What can Google Microsoft, Amazon, J.P. Morgan do?
Yeah.
It's something I talked about was alternative certification.
And what I suggested is all they really would have to do
is say, you know, what tests, what courses, what certificates in lieu of a college degree,
can you pass or do well on? What test courses or certificates can you get outside of a college degree
that we will give you a high-paying job in, let's say, the Microsoft HR department,
just set the standards. And then a whole ecosystem, once there's a buyer,
a whole ecosystem of supportive services, whether they're online or tutoring services,
can be an alternate way for people to gain those credentials.
And all you're doing is setting standards.

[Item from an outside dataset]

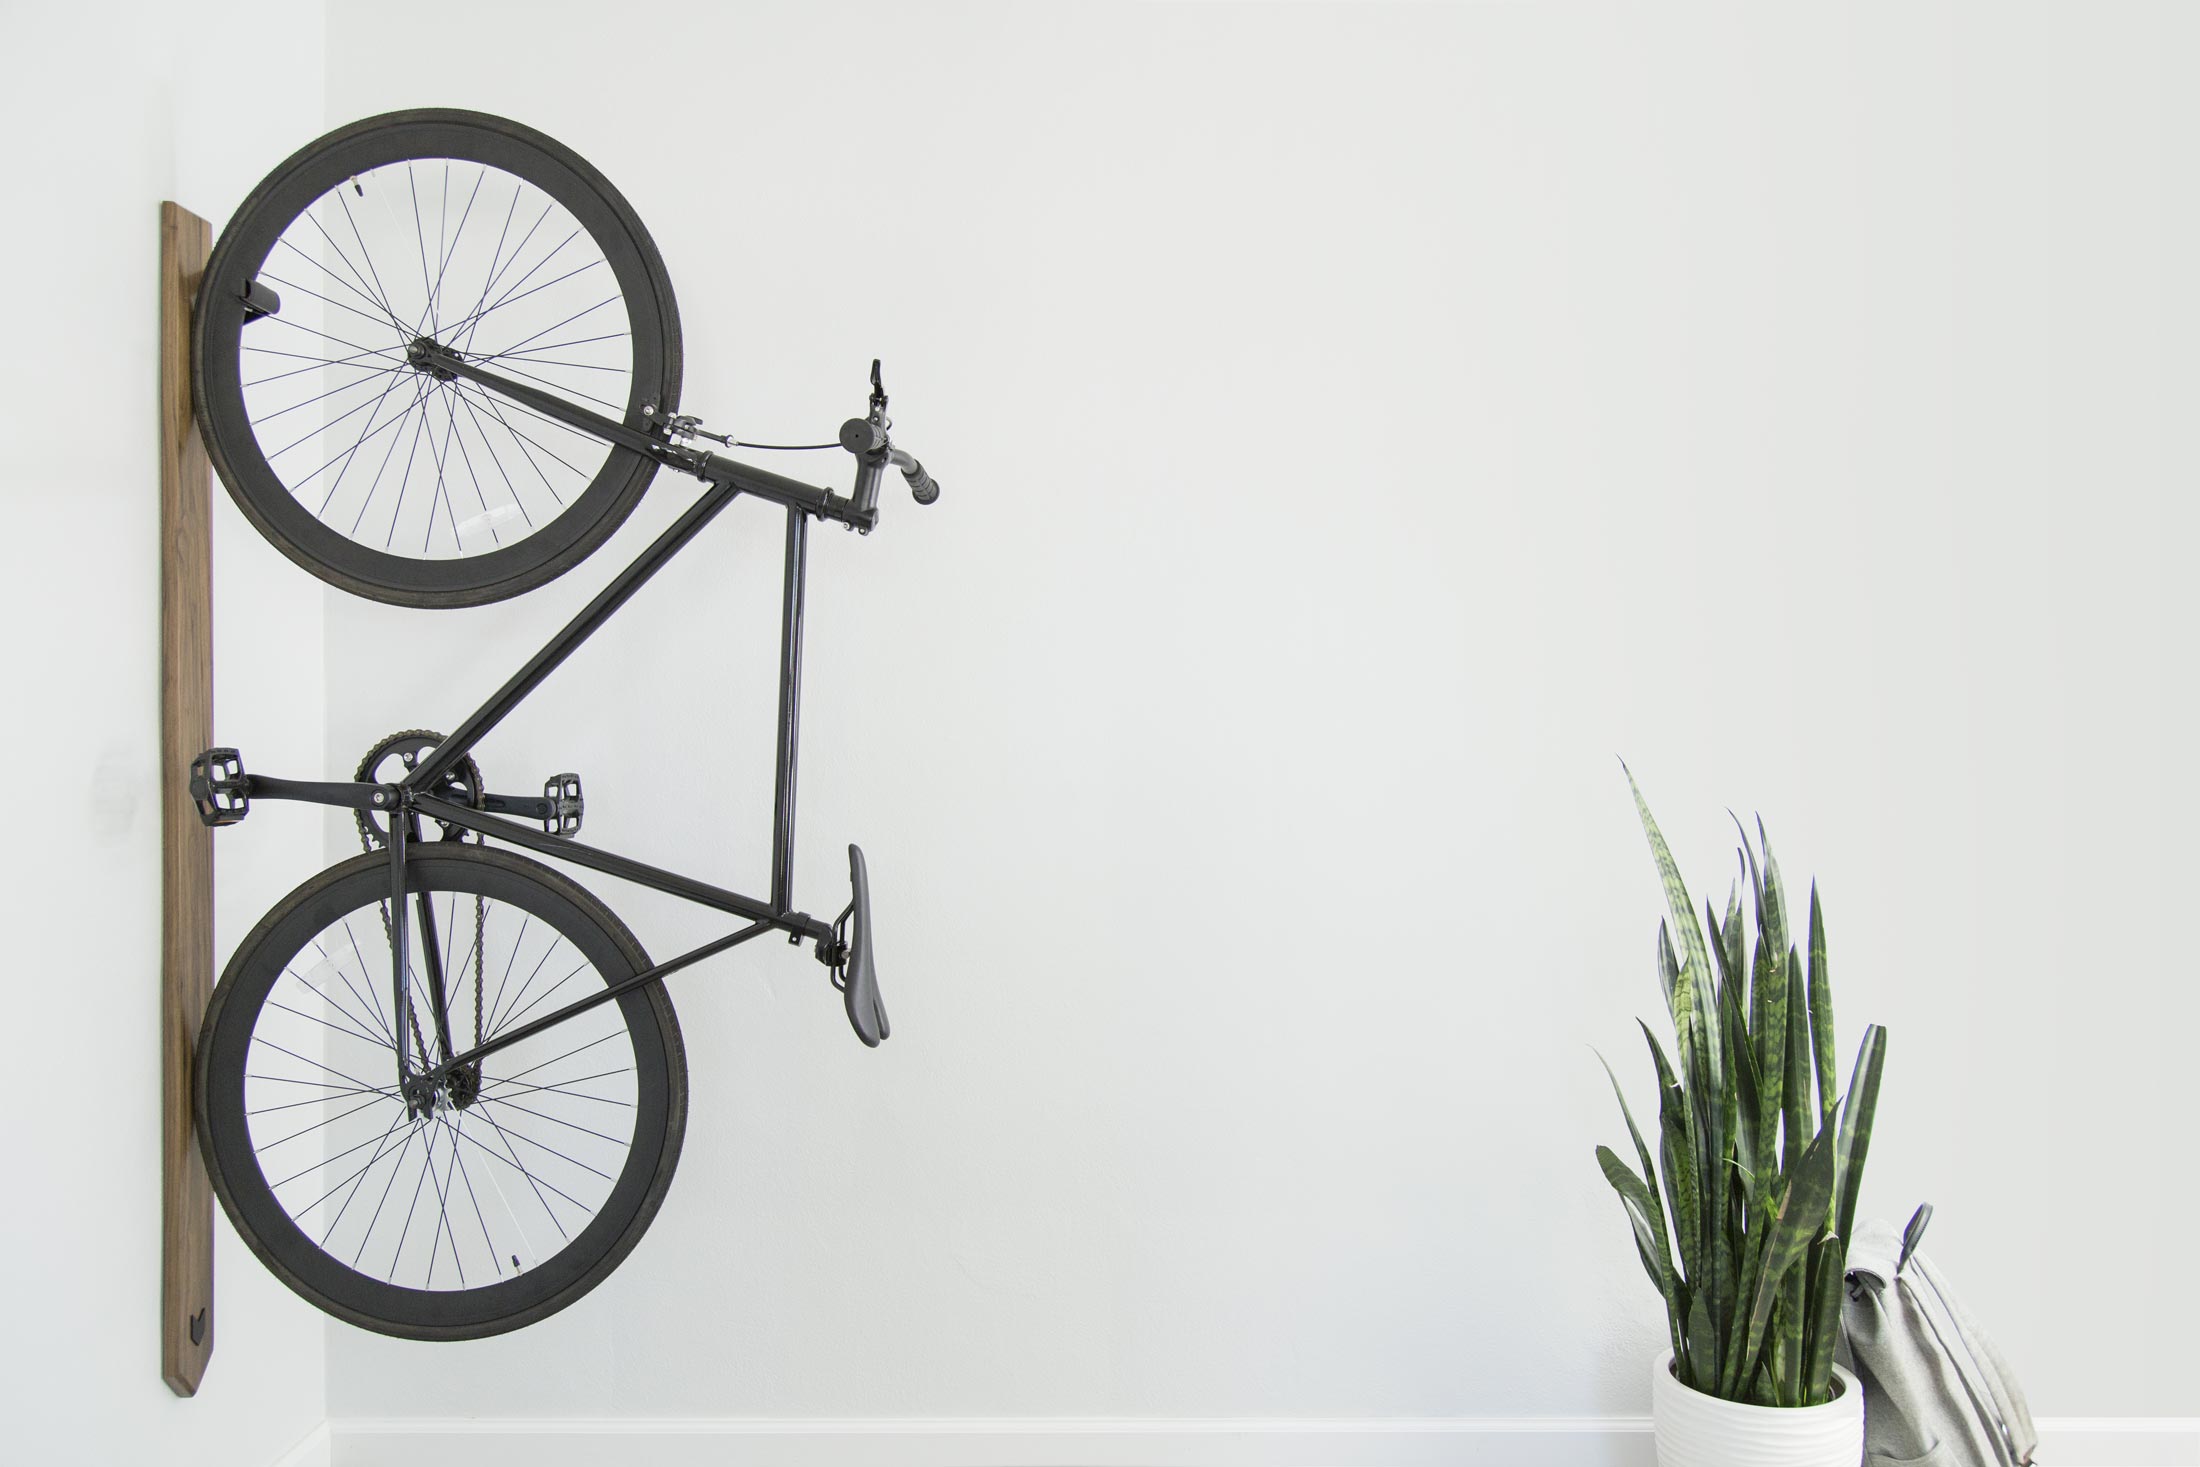 An Artifox Black Walnut Rack is mounted to a white wall in a tiny apartment and storing a black bike vertically.

I'm not saying these companies would need to make tests or give tests.
Just set standards.
That would be a great way to do it.
Hopefully somebody listening can take that and run it up the flagpole at one of these larger corporations.
It'll just take one or two and then it'll start going.
It reminds me of the certifications we used to have at the beginning of sort of like the Internet
in the early late 90s, early 2000s, you'd be able to get systems.
go qualified and then you'd get a job out of that and it didn't really matter if you couldn't
do anything else or you didn't have high school or whatever as long as you pass these
certifications high paying job a lot of those people have become super productive members of those
organizations well I definitely think it's happening in the software area yeah where it's really
very skill based but that same idea could could be applied for all different types of skills
there'll be have to be new test developed but you know McKinsey's
developed game-based tests that, you know, supposed to look at decision-making and critical
thinking skills. So there's a lot of ways to test for skills that companies could use. And
there's a lot of studies done saying that having a more diverse workforce actually makes you a lot
of money. So if 10 out of 11 aren't making it through a college degree, we're wasting a lot
of talent because they all can do it. That sort of what's the point of what I am so excited about
that the success of the best district schools, the best charter schools, with the right
supports, we have a lot of talent out there that's being wasted. And this is something companies
can do to sort of start the process going, to start the flywheel going, where, you know,
there's demand, there's a buyer. And now the system and the network and the ecosystem can get
going beneath it.
That's a great place to end this conversation, Joel. I want to thank you so much for your time.